You’d think that the more popular a post, the greater the engagement rate, right?
The old wives’ tale says that if your engagement rate is high, then you get a multiplying effect. And at some point, because you’ve gamed the algorithm, you’ve broken out and “gone viral”. Our research suggests that you shouldn’t take that notion to the bank just yet. Let’s try to debunk a few popular myths around reach.
If you’ve got a moderately sized presence, your posts analytics probably look something like this:
And if you keep going, you find that the posts with really high reach have a progressively lower engagement rate.
How can this be?
The short answer is this: Within the first five minutes of making a post, Facebook allocates some initial reach. If this audience has high engagement, then you progressively get more reach. And like a pebble creating rippling waves in a pond, the area of the expanding circles grows.
By the time the post has exhausted its potential, you’re reaching far beyond your normal core audience. So, your engagement rate at that point is much lower than when it started.
Because averages lie, your “lower” engagement is a weighted average of the high engagement of core fans and the low engagement of the much larger audience of casual fans.
Here is daily newsfeed coverage vs. percentage of folks who are sharing (the applause ratio).

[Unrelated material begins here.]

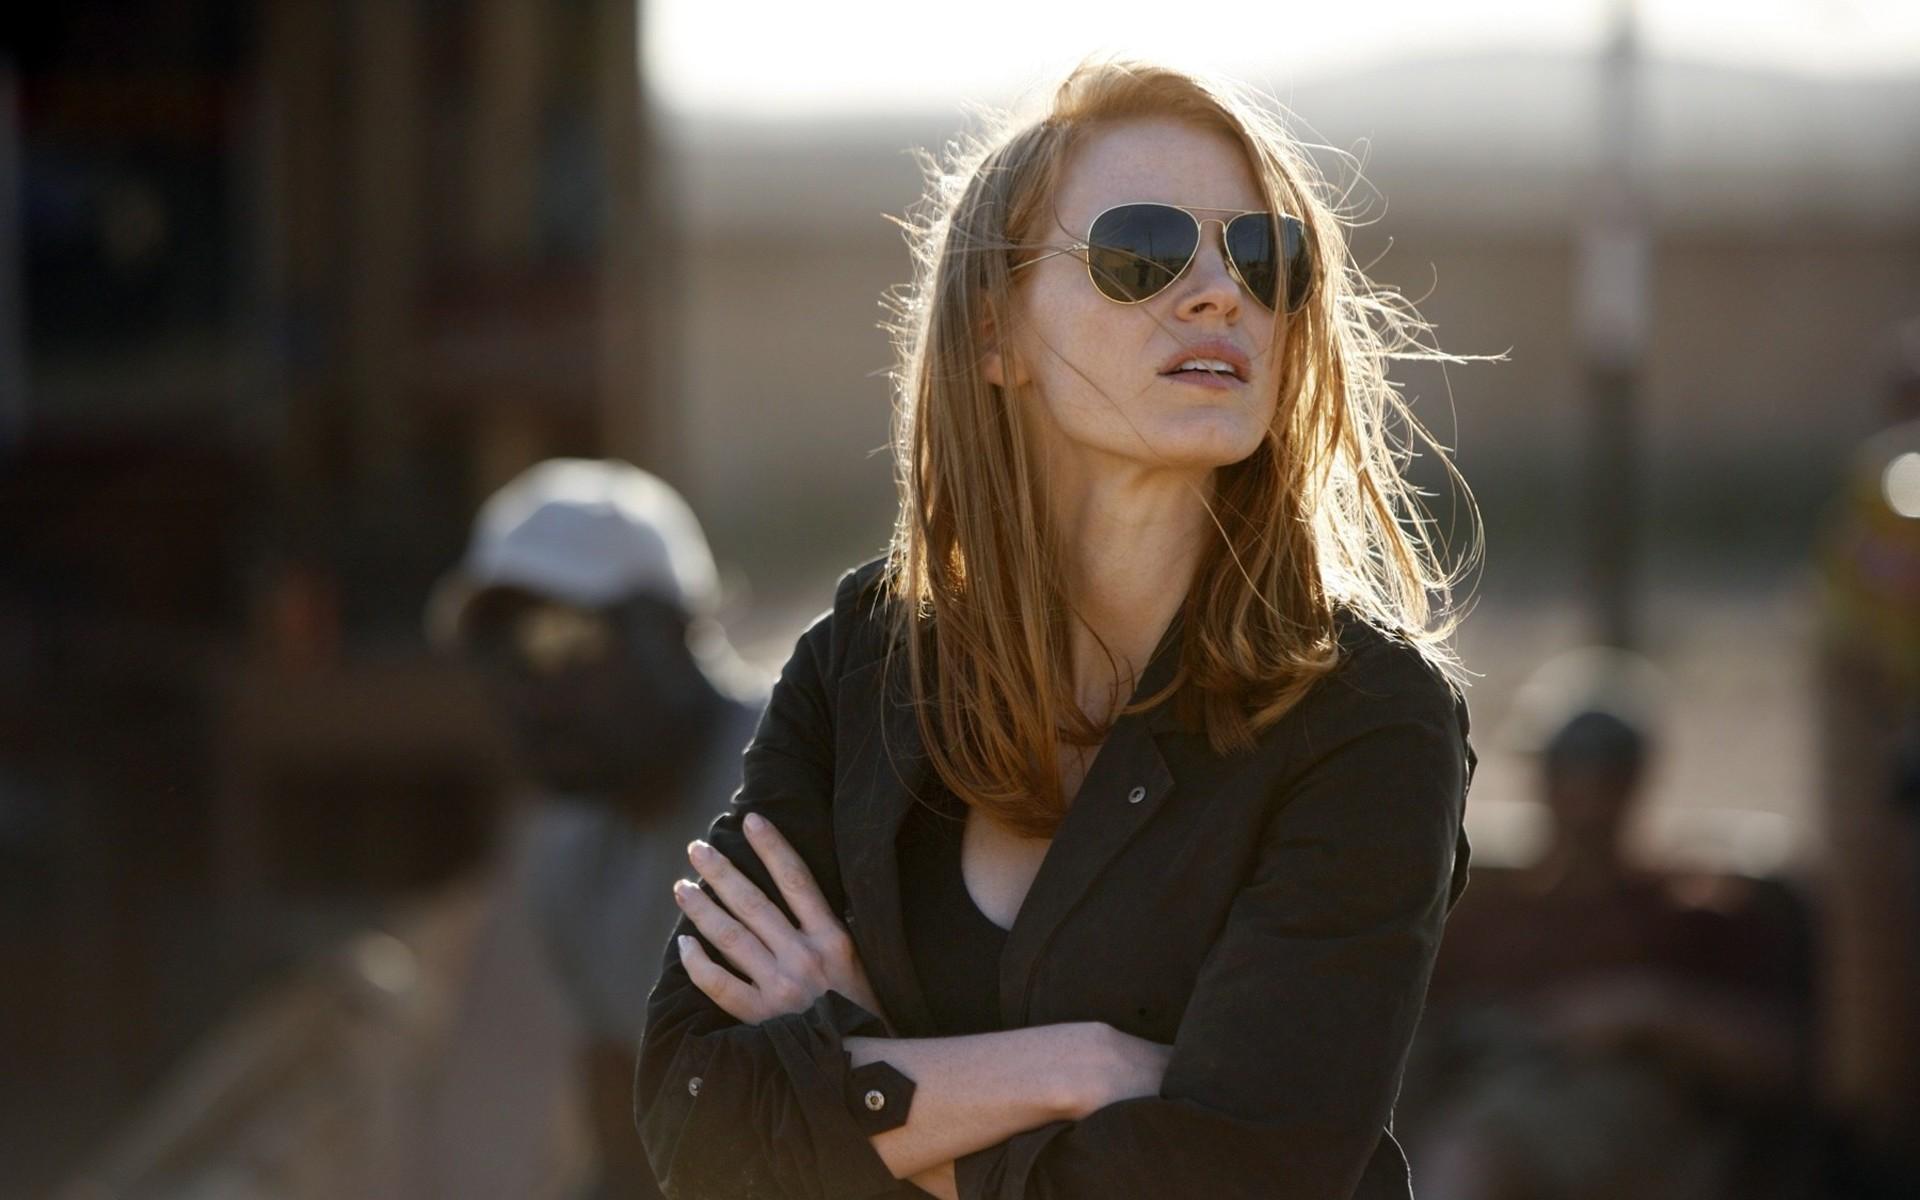 Jessica-Chastain_actress_Zero-Dark-Thirty_04

You might post multiple times in one day – each of which can reach a separate or overlapping audience – but overall, the total daily unique reach has a surprising connection with total daily interactions. You might even think that Facebook is promoting unpopular or un-engaging content.
Notice the inverse relationship:
If you’re a hard-core data geek like me, you might be interested in investigating further by downloading the CSV insights file on posts. (You can’t get organic vs. viral reach in the regular web user interface, since they are now combined together as “organic”.)

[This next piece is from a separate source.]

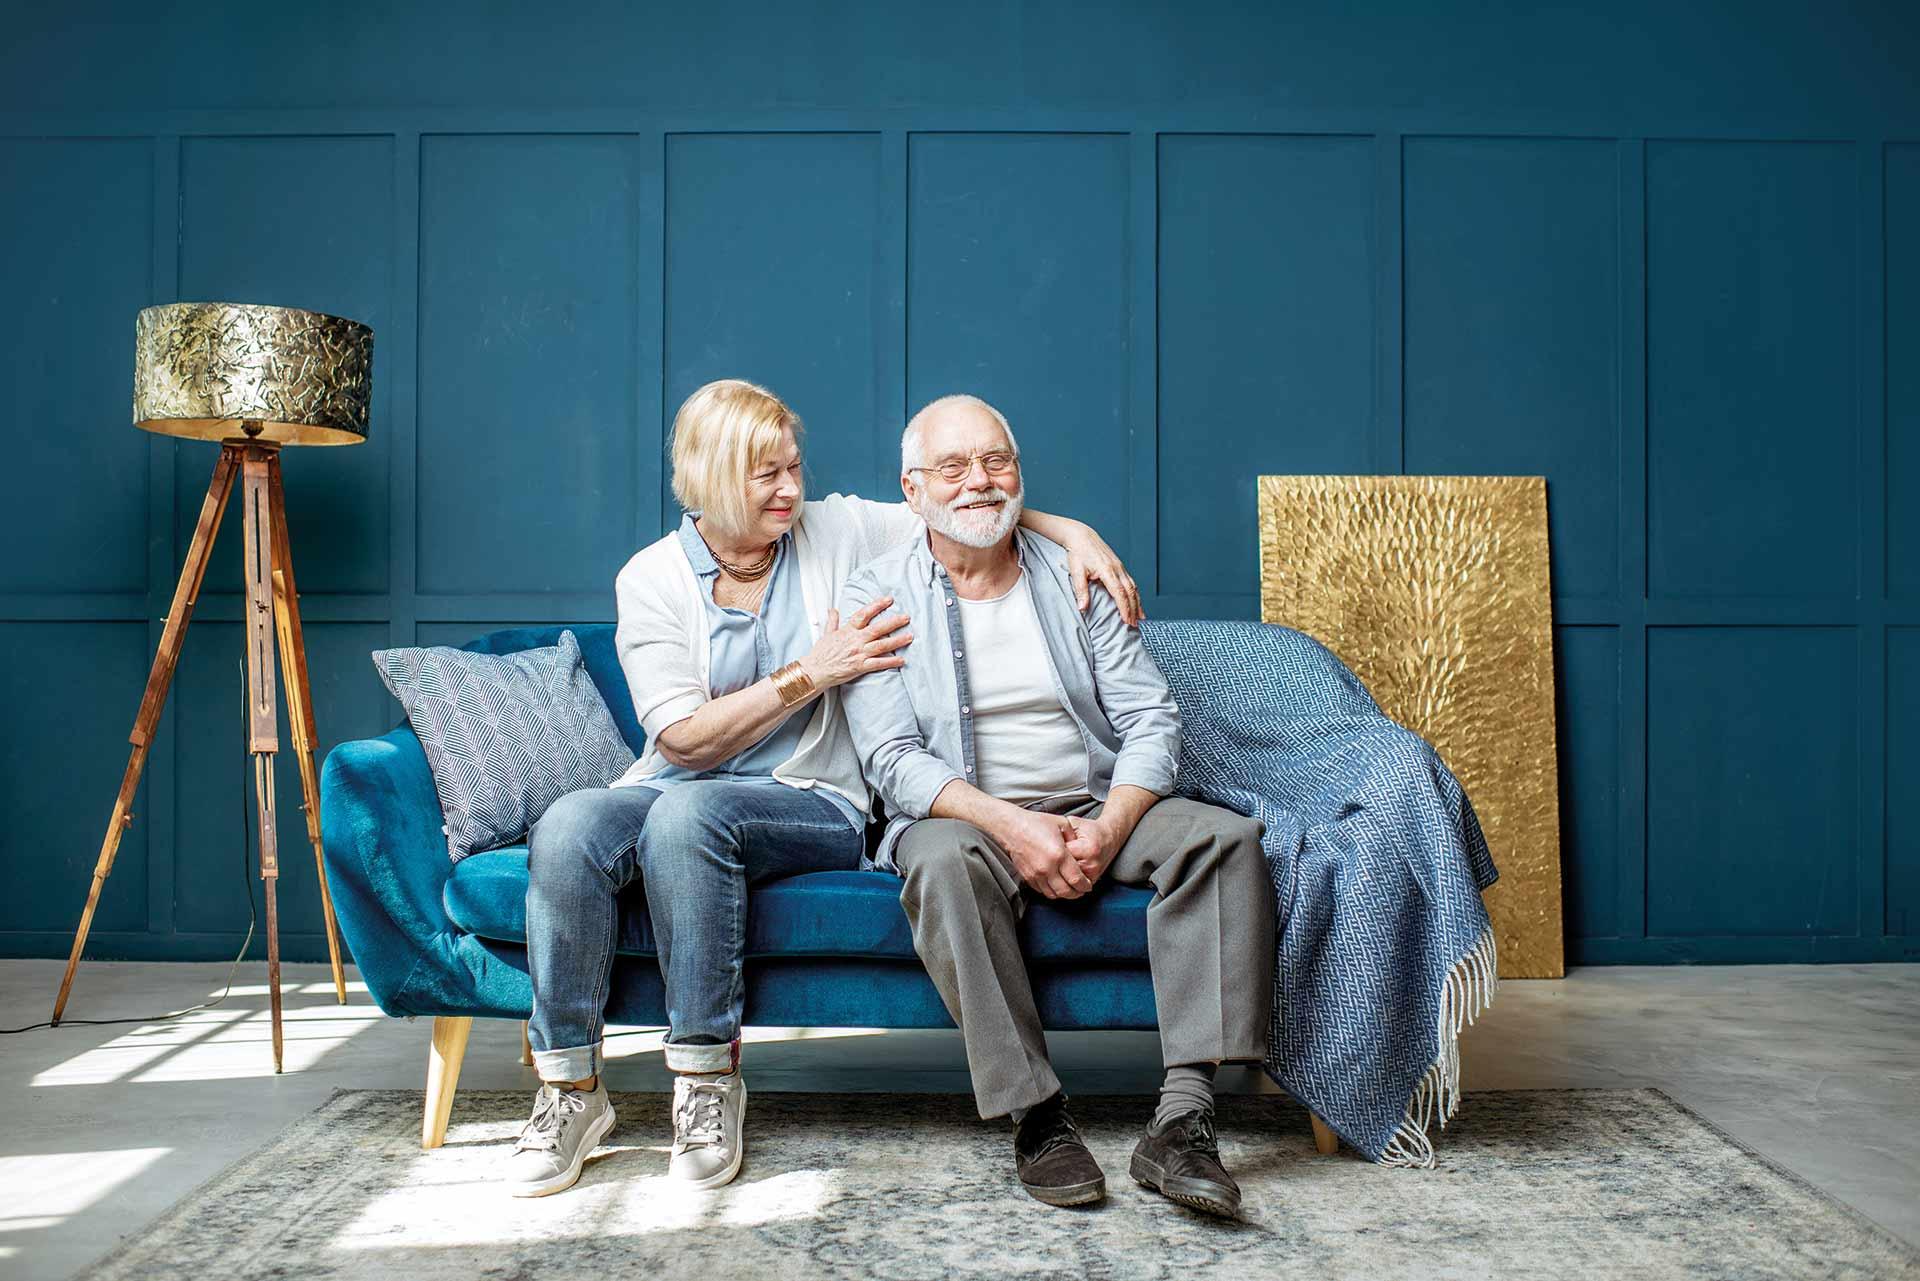 Älteres Paar in einer Wohnung die zu groß ist

Choose “post” level insights:
Now you can do the math to your heart’s content on impressions, reach, engaged users, negative feedback, and so forth. Facebook doesn’t make it easy, but with a little Excel magic, you’ll likely be able to determine the following insights:
(Note: A lot of people get lost here. Just understand that unlike web analytics where people come back once in a while, in social, you have a lot of people viewing your content in short time periods. So if you’re not looking at one-, seven- and 28 day reach trends, you won’t know which audiences are getting too much exposure to your content versus not enough.)
Reach varies by demographics, too. Don’t like to crunch numbers in Excel? Let’s look at some charts.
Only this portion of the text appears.